- By Open Doors News
This Storify contains updates as of 10/01/12 15:00 GMT
The situation now
- The trial of Rimsha Masih in juvenile court has been delayed to Oct. 17. Representatives of the prosecution against the girl told the Islamabad High Court on Monday that its attorney was not in the city. The court granted a delay.
The case against the Pakistani girl shifted to the juvenile court last month, when, on Sept. 22, police submitted their determination to the court that there was no evidence to support the accusation that Rimsha had burned any Quranic texts. On Sept. 24, the court ordered her case transferred to the juvenile system, where potential penalties are much less severe, and instructed prosecutors to submit a new set of charges appropriate to the juvenile court. The juvenile court was scheduled to begin consideration of the case Oct. 1.

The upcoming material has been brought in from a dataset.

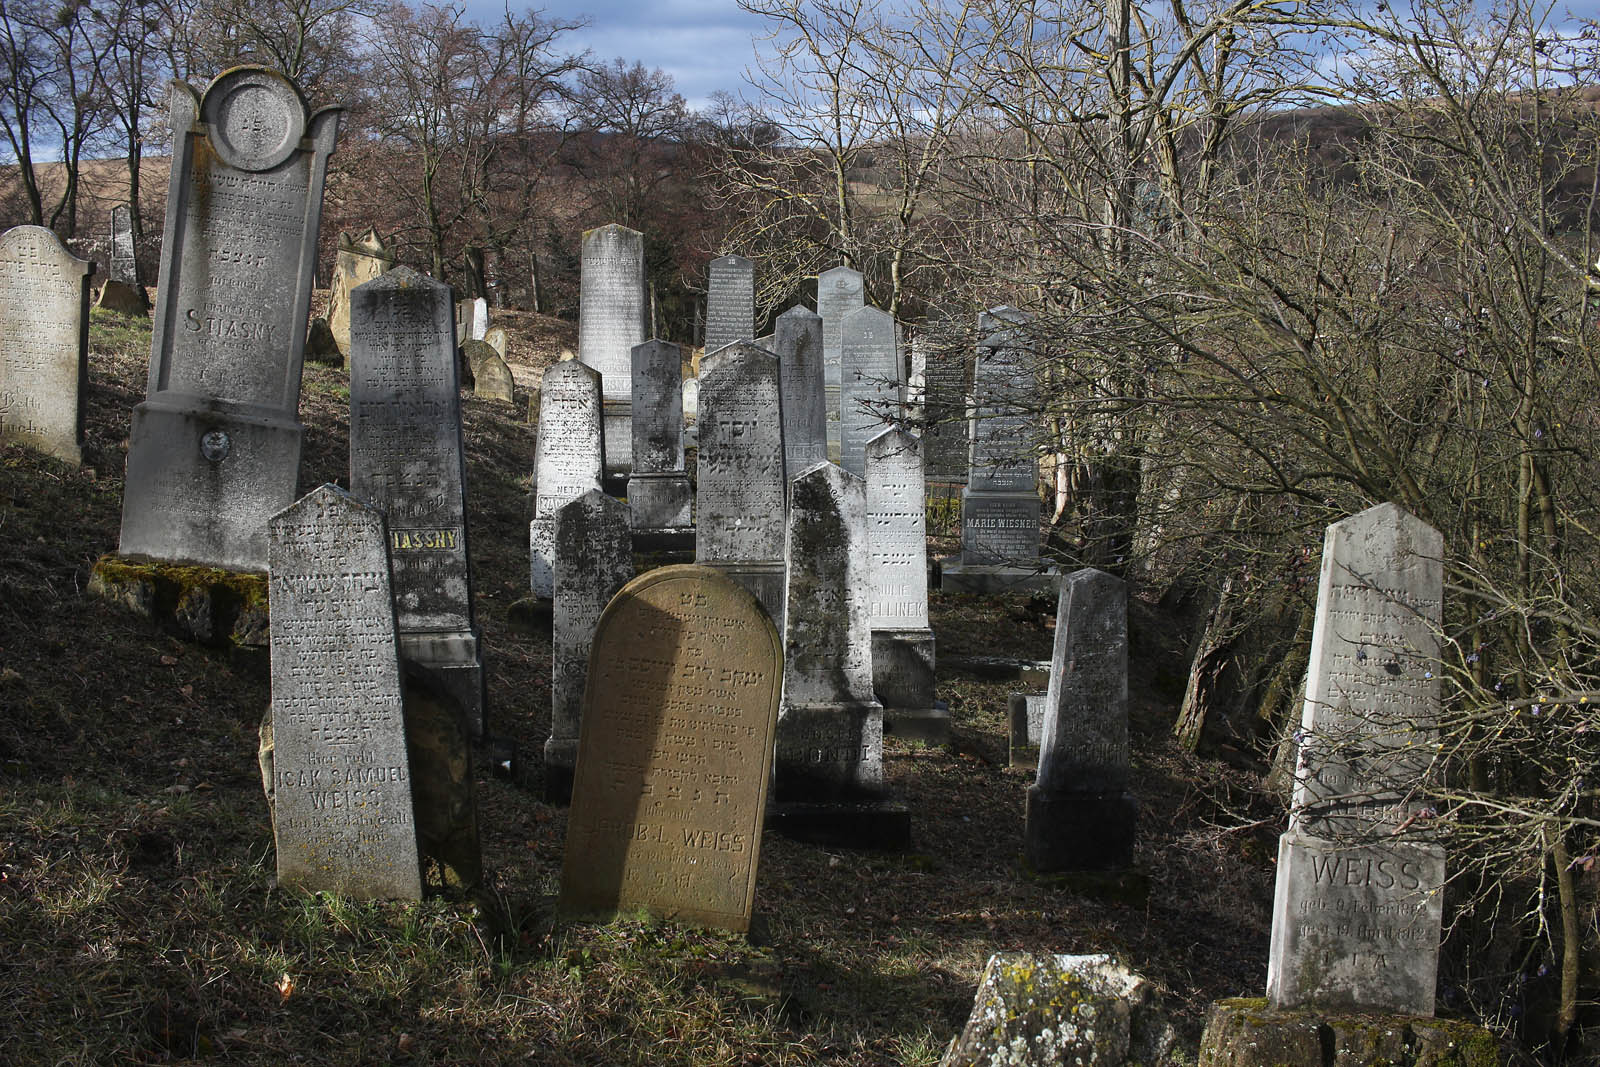 Dambořice jsou zvláštní obec na pomezí roviny a hor, co nejsou hory. Tady se ještě jmenují Ždánický les. Myslel jsem si, že jsme pořád těsně za jihovýchodním okrajem Brna a tak jsem byl v šoku, když jsem zjistil, že Dambořice měly kdysi nádraží na Ždánické dráze! Kromě toho je tu taky neobvyklý židovský hřbitov ze 16. století, který těsně přiléhá ke hřbitovu křesťanskému (a taky ateistickému).

In their report clearing Rimsha, police also submitted evidence implicating Khalid Jadoon Chishti, imam of a local mosque, based on testimony gathered from members of the mosque. His next court date also was scheduled for Oct. 1. At the hearing, at least two people whom police had said provided witness testimony against Chishti instead submitted affidavits claiming they didn't see the imam desecrating any holy texts, and that their police had tortured them into providing their initial statements. The court has scheduled a bail hearing for Chishti for Oct. 3.
The whole story, from the beginning
- Rimsha lived in Sector G-12 of Islamabad, an area that one news report said is known as Umarra Jafar, and which AFP reported is called Mehrabad.
- Agence France-Press published a succinct recap of what happened:
A Christian girl with Down's Syndrome has been arrested on blasphemy charges in Pakistan, accused of burning pages inscribed with verses from the Koran, police and activists said on Sunday [Aug. 19].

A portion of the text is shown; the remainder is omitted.